On Sep 18, 2007, at 4:00 AM, Matthias Wächter wrote:

Anyway – i’d like to see a 100000 lookups comparison hehe
Great. Run it for us and let us know how we do.

Here are the results of the supplied solutions so far, and it looks
like my solution can take the 100k-performance victory

Thank you very much for putting this together and wow, your code is
lightening quick.

James Edward G. II

bbazzarrakk · September 19, 2007, 4:34am

From: “Adam S.” [email protected]
On 9/18/07, Bill K. [email protected] wrote:

If I’ve understood correctly, it looks like my solution seems
to be the fastest (so far) of those that operate on the
unmodified .csv file?

It depends what you mean by unmodified - my algorithm runs off the
original file, the only “modification” I am doing in the setup stage
is searching for and saving the byte offset of the first and last
records. It looks like l could have done that every time my script
was run and only added 5 ms.

Ah, I see. Cool.

Incidentally since the file format description indicates comment
lines may appear anywhere in the file, I allowed for that. However,
I doubt adding a loop to your gets/split logic to keep going until a
valid record was found would affect your time much at all.

Nice job

Regards,

Bill

bbazzarrakk · September 19, 2007, 9:28am

On 9/19/07, Matthias Wächter [email protected] wrote:

James Edward G. II schrieb:

On Sep 18, 2007, at 4:00 AM, Matthias Wächter wrote:

Anyway – i’d like to see a 100000 lookups comparison hehe
Great. Run it for us and let us know how we do.

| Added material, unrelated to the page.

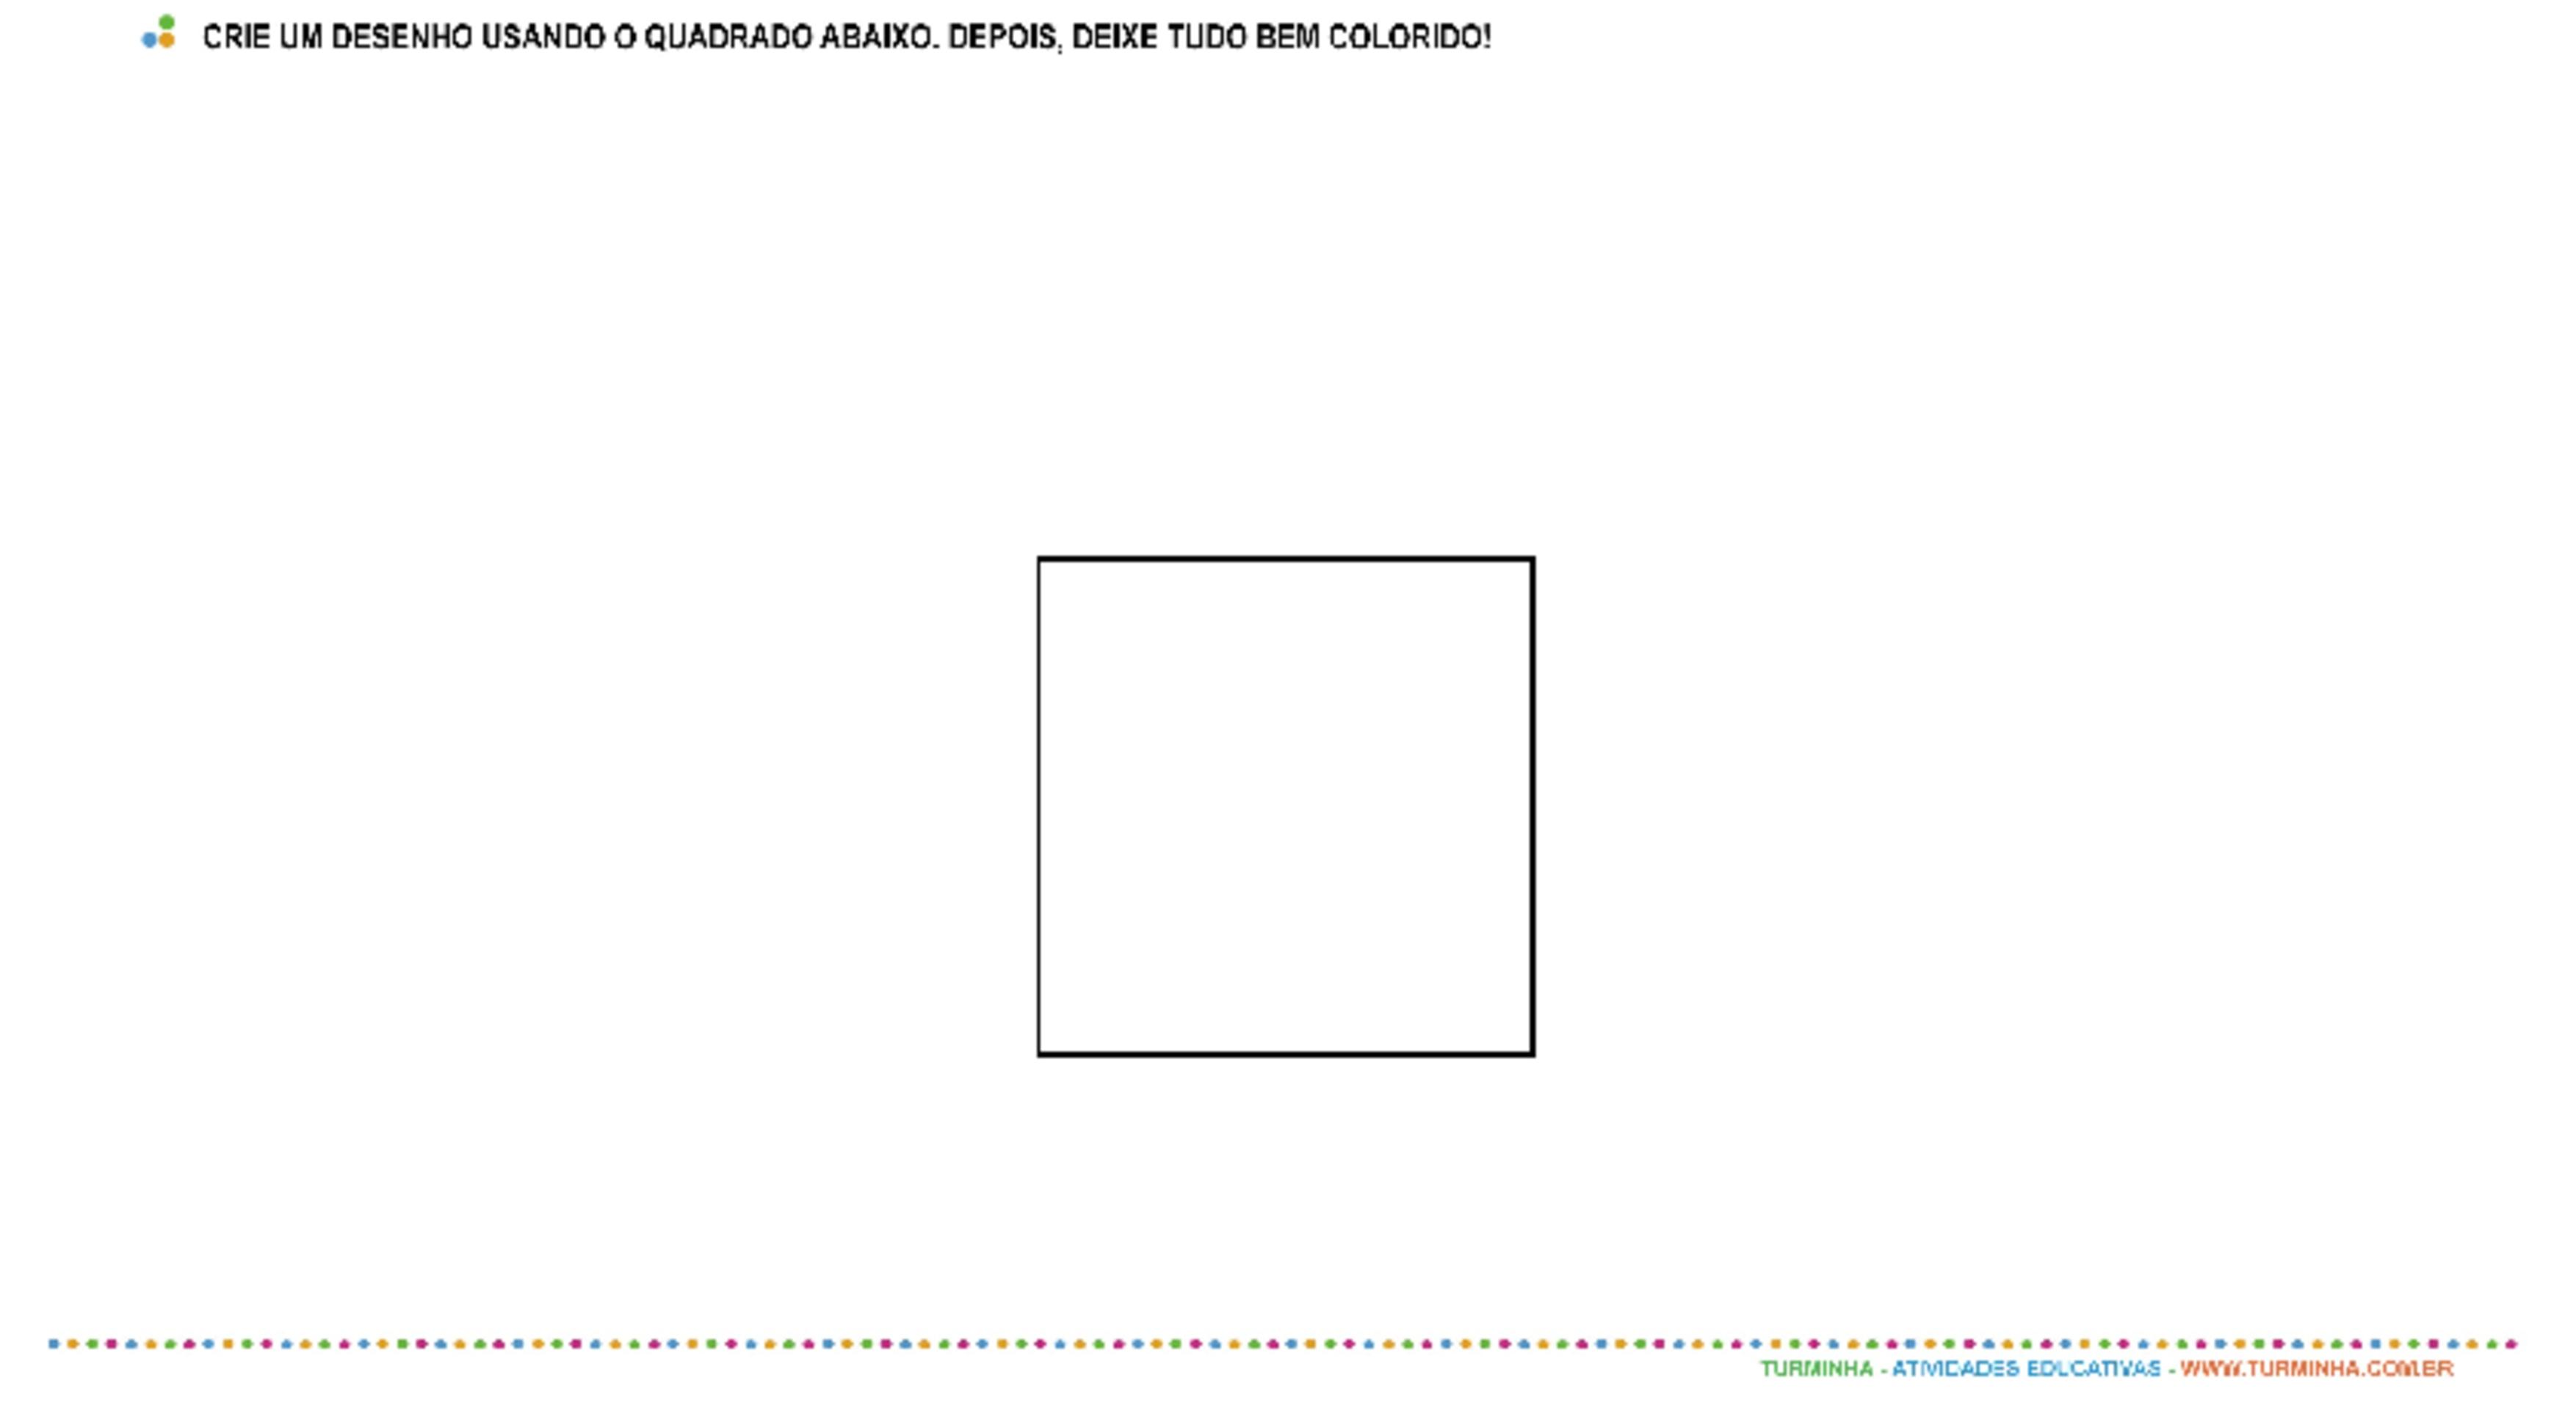 Formas Geométricas - Quadrado - atividade educativa para Pré-Escola (4 e 5 anos)

[**]: O Jesus :), I can’t make your FasterCSV version (a) run, and in
the later version you sent your direct parsing breaks when it comes to
detecting the commented lines in the first part of the file. I couldn’t
manage to make it run, sorry.

Hi,

Yes, I only tested with my version of the file, from which I manually
removed the comments. I don’t think I’ll have time to fix that, at
least this week. Anyway, I find strange the FasterCSV version doesn’t
work, because it delegates the parsing of the file to that gem, and
the rest is pretty simple. On the other hand I don’t expect the first
version to perform anywhere near the other solutions, so it’s not so
important :-).

Jesus.

bbazzarrakk · September 19, 2007, 2:21pm

On Sep 19, 2007, at 2:27 AM, Jesús Gabriel y Galán wrote:

couldn’t
manage to make it run, sorry.

Hi,

Yes, I only tested with my version of the file, from which I manually
removed the comments. I don’t think I’ll have time to fix that, at
least this week. Anyway, I find strange the FasterCSV version doesn’t
work, because it delegates the parsing of the file to that gem, and
the rest is pretty simple.

Comments are not a part of the CSV specification, so FasterCSV
doesn’t address them. I would like to add ignore patterns at some
point though.

James Edward G. II

bbazzarrakk · September 19, 2007, 5:15pm

Ok, here’s the result of mine:

mark@server1:~/rubyquiz/139$ time ./ip2country.rb 195.135.211.255
UK

real 0m0.004s
user 0m0.004s
sys 0m0.000s

Here’s my code:

#!/usr/bin/ruby
ARGV.each { |ip|
f = ip.split(/./).join “/”
puts File.open(f).readlines[0] rescue puts “Unknown”
}

I think it’s pretty obvious what the preparation step was. Of course,
the tradeoff for this speed is a MASSIVE waste of disk resources, but
that was unlimited in this contest, was it not?

Mark.

bbazzarrakk · September 19, 2007, 7:34pm

From: “James Edward G. II” [email protected]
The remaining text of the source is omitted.